-- Task requirements --
Word for word, give the entries back.

-- Stored items from a collection --
::::::

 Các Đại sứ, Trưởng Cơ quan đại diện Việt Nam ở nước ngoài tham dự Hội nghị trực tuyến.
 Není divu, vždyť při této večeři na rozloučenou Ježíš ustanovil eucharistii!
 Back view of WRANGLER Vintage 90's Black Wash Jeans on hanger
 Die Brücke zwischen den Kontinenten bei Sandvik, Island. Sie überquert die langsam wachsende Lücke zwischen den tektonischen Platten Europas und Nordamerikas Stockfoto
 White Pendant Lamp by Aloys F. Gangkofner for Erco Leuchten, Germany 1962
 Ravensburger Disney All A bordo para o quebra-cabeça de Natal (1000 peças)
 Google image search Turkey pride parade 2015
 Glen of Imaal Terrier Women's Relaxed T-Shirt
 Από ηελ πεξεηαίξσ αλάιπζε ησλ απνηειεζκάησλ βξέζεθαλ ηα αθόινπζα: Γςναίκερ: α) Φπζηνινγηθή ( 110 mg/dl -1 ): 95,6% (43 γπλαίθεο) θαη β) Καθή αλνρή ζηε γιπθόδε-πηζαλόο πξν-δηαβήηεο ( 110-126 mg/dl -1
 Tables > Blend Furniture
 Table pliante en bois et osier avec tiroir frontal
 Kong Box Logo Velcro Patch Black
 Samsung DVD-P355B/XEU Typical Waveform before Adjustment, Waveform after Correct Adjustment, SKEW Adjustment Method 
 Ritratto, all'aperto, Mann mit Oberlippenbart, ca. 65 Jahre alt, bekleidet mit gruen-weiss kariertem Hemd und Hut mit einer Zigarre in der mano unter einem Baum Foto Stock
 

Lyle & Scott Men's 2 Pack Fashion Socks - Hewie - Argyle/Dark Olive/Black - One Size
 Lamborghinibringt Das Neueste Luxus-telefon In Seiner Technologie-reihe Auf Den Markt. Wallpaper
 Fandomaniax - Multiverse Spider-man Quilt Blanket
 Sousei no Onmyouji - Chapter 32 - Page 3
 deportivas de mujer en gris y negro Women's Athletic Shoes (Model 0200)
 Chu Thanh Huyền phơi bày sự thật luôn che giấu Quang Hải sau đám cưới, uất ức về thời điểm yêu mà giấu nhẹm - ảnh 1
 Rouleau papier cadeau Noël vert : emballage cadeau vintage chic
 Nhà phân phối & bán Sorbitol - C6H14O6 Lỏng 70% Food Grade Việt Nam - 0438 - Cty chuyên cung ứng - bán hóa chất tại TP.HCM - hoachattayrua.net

::::::

-- Task output --
 Các Đại sứ, Trưởng Cơ quan đại diện Việt Nam ở nước ngoài tham dự Hội nghị trực tuyến.
 Není divu, vždyť při této večeři na rozloučenou Ježíš ustanovil eucharistii!
 Back view of WRANGLER Vintage 90's Black Wash Jeans on hanger
 Die Brücke zwischen den Kontinenten bei Sandvik, Island. Sie überquert die langsam wachsende Lücke zwischen den tektonischen Platten Europas und Nordamerikas Stockfoto
 White Pendant Lamp by Aloys F. Gangkofner for Erco Leuchten, Germany 1962
 Ravensburger Disney All A bordo para o quebra-cabeça de Natal (1000 peças)
 Google image search Turkey pride parade 2015
 Glen of Imaal Terrier Women's Relaxed T-Shirt
 Από ηελ πεξεηαίξσ αλάιπζε ησλ απνηειεζκάησλ βξέζεθαλ ηα αθόινπζα: Γςναίκερ: α) Φπζηνινγηθή ( 110 mg/dl -1 ): 95,6% (43 γπλαίθεο) θαη β) Καθή αλνρή ζηε γιπθόδε-πηζαλόο πξν-δηαβήηεο ( 110-126 mg/dl -1
 Tables > Blend Furniture
 Table pliante en bois et osier avec tiroir frontal
 Kong Box Logo Velcro Patch Black
 Samsung DVD-P355B/XEU Typical Waveform before Adjustment, Waveform after Correct Adjustment, SKEW Adjustment Method 
 Ritratto, all'aperto, Mann mit Oberlippenbart, ca. 65 Jahre alt, bekleidet mit gruen-weiss kariertem Hemd und Hut mit einer Zigarre in der mano unter einem Baum Foto Stock
 

Lyle & Scott Men's 2 Pack Fashion Socks - Hewie - Argyle/Dark Olive/Black - One Size
 Lamborghinibringt Das Neueste Luxus-telefon In Seiner Technologie-reihe Auf Den Markt. Wallpaper
 Fandomaniax - Multiverse Spider-man Quilt Blanket
 Sousei no Onmyouji - Chapter 32 - Page 3
 deportivas de mujer en gris y negro Women's Athletic Shoes (Model 0200)
 Chu Thanh Huyền phơi bày sự thật luôn che giấu Quang Hải sau đám cưới, uất ức về thời điểm yêu mà giấu nhẹm - ảnh 1
 Rouleau papier cadeau Noël vert : emballage cadeau vintage chic
 Nhà phân phối & bán Sorbitol - C6H14O6 Lỏng 70% Food Grade Việt Nam - 0438 - Cty chuyên cung ứng - bán hóa chất tại TP.HCM - hoachattayrua.net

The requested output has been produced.